Sunday, July 26, 2009

I think I have actually run out of time

I officially do not have enough time for all of my hobbies. I used to have it all figured out:

work out before work (I work a swing shift)
read on my dinner break
knit after work while watching TV with Markles
sew on my days off

Note: this does not seem to leave time for cleaning. The one thing that seems to motivate me to clean is the threat that someone may come over. That turns me into an instant cleaning madwoman. If they don't come over, that's OK. My house is clean. So invite yourself over. Or at least threaten to.

But now I have a new hobby: embroidery. And I've been thrifting. And antiquing. And quilting. And I still want to work on my pattern drafting skills. Dear, God! I haven't the time for it all. The house work will definitely have to be dropped, company or not.

Here are my first embroidery projects. The transfers are from "The Kitchen Linens Book" by EllynAnne Geisel.

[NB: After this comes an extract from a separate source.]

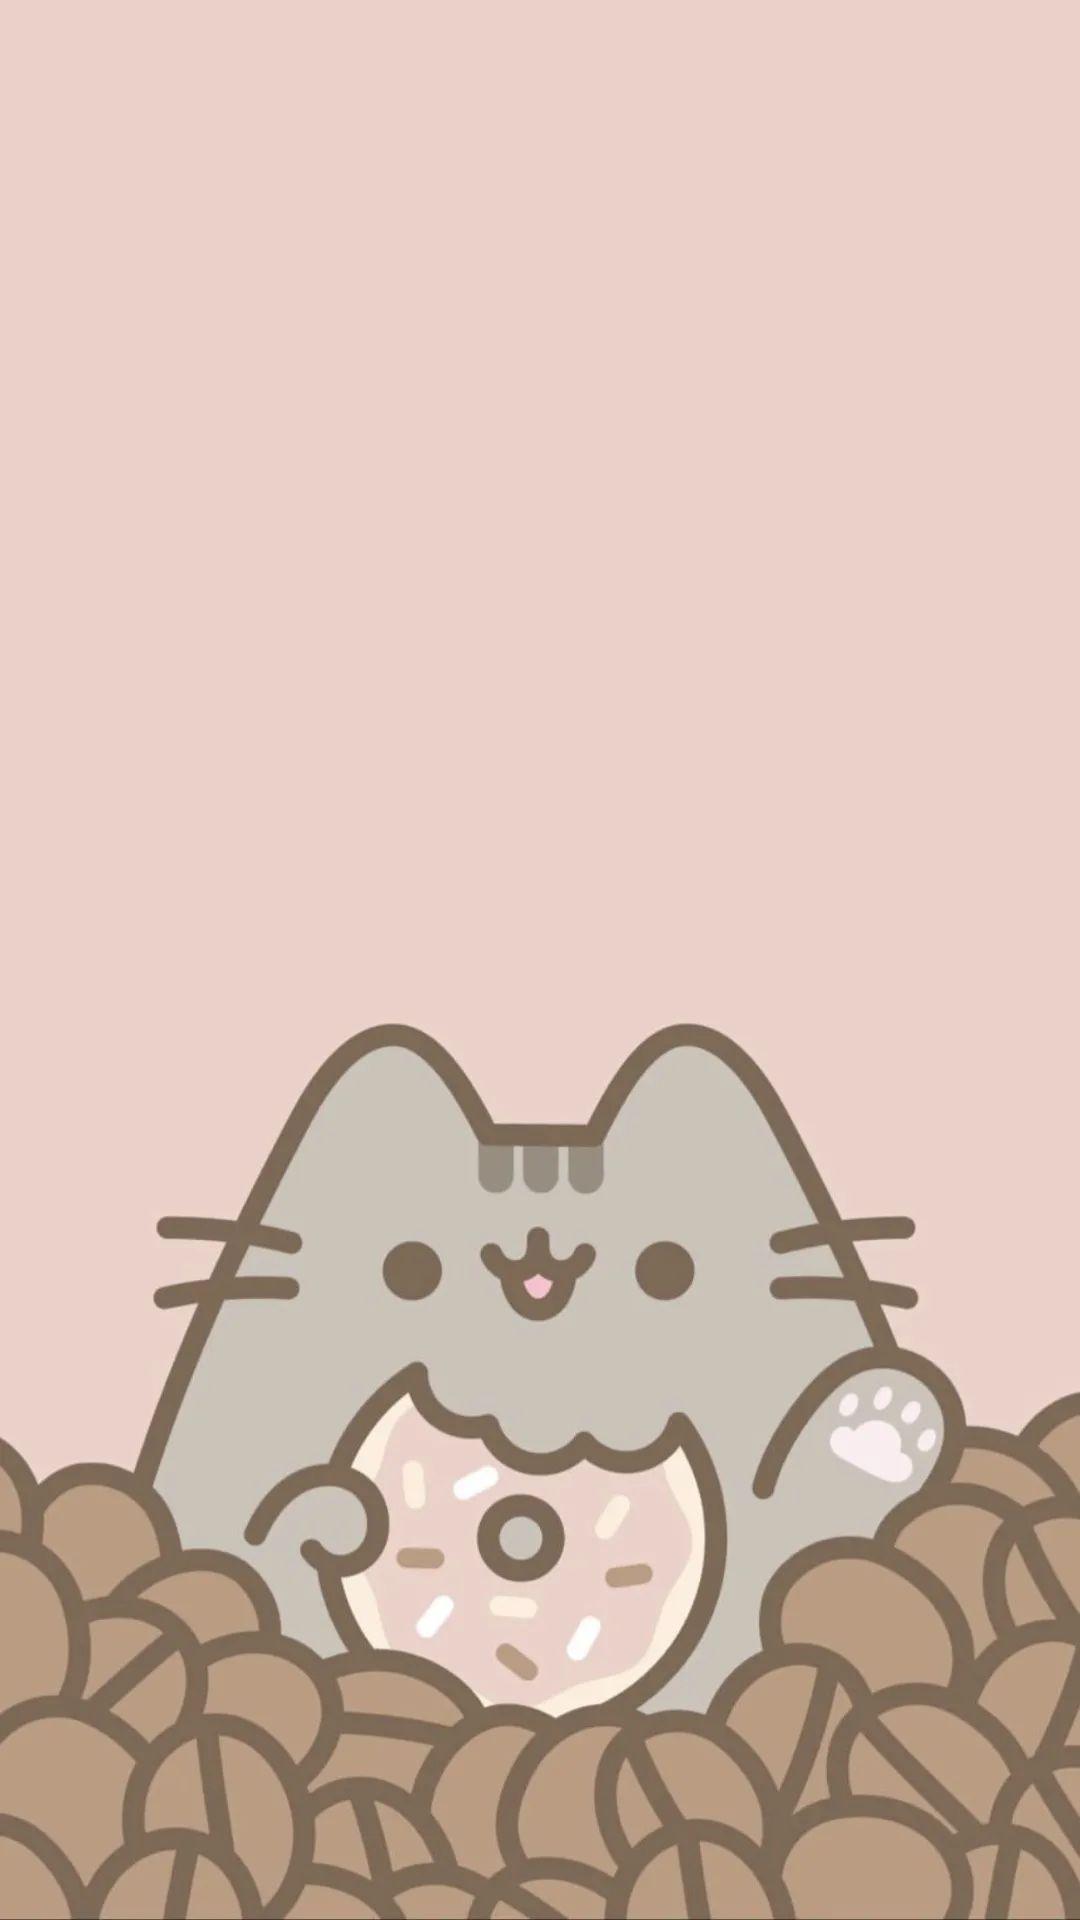 呆萌模样让人受不了张超可爱胖吉猫主题手机壁纸好想可以吸猫啊

See this post.


The back of the book includes a bunch of vintage iron-on transfers, reproductions from a McCalls 1945 line.


These are done on flour sack cloths purchased at Hobby Lobby in the needlework section.

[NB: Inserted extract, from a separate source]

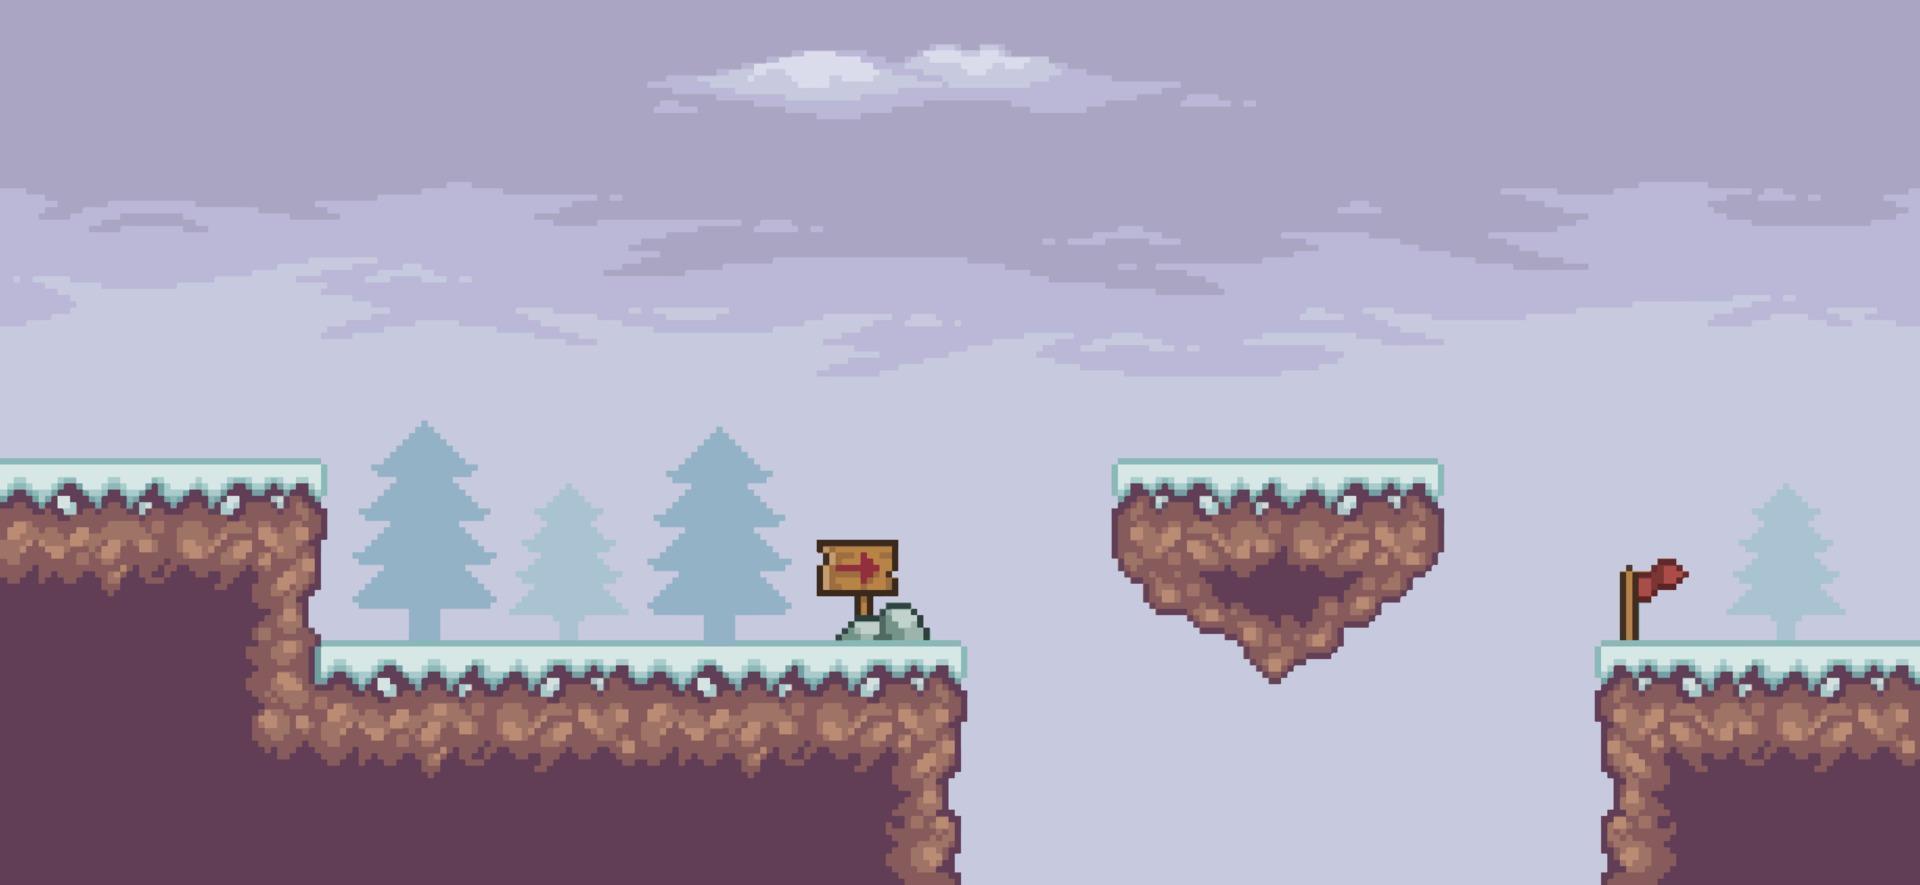 pixelart-spelscène in sneeuw met drijvend platform, pijnbomen, wolken en 8-bits achtergrond vector

They're so happy, those fruits, candies and ... uh ... whatever that thing on the right is.

I also went to thrift stores and bought a bunch of blank linens. I selected only ones that appeared to be cotton or linen. I got some napkins (which I use just on a day to day basis, so I don't need full, matching sets) and a dresser scarf and a table square. All blank canvases that I can embroider, and all 99 cents to $1.99. Can't beat that! I'm thinking of embroidering the dresser scarf for my grandma's birthday on Aug. 8.

I love the flowers on this dainty little napkin. This was so fast to do, too.


Furthermore, I discovered a Web site so wonderful, I could burst. Or spend all of my money there. Or both. It's called Sublime Stitching. And it proves that old-fashioned women's work is perfectly cool and trendy. And not old-fashioned at all. Go check out the transfer patterns. (But then come back. I'm not done.)

((tick-tock, tick-tock))

Did you go look? Aren't they the cutest things ever? I bought her book, "Sublime Stitching" by Jenny Hart, too. It's also filled with transfer patterns, albeit more generic ones than the patterns you can buy online. I ordered this one and this one off the site.


I would also like to mention another thrift store find in the fabric section (or "material," they call it. I find that only people who don't sew call it "material" instead of fabric. And considering that they priced a small piece of muslin at $6 AT A THRIFT STORE, I am fairly certain that they don't sew).

What I found was a two-yard piece of pinstriped wool. Real wool! Like what you cannot find at chain stores like JoAnn's. Or at least, I never do. Real wool! Like the kind that costs $14 a yard.

How do I know it's real wool? Well, I did a burn test. Did you know you can get at least a rough idea of a fabric's fiber content by burning it? I learned this in Fabric Science class. Pull off a few strands from the fraying end and hold them with tweezers. This is important. DO NOT use your fingers. Next, bring a flame toward it. First, note if the fibers shrink back from the flame. Wool should do this. Then it should ignite, and it should burn a little and then self-extinguish. It should smell like burning hair (no surprise). Finally, the burned residue should be slightly hard, but easily crushable between your fingers.

All fibers have different reactions. For instance, polyester sort of melts, so the bead if forms after it burns is hard, like plastic. And the smell is awful.

So, now I know it is really wool. And I know you are impressed that I got two yards of it for $5.99. Because my husband doesn't appreciate my find. He says it looks like "poor-people clothes." And like it belongs on people in an orphanage.

Bah. Maybe he should go take a closer look at his suits.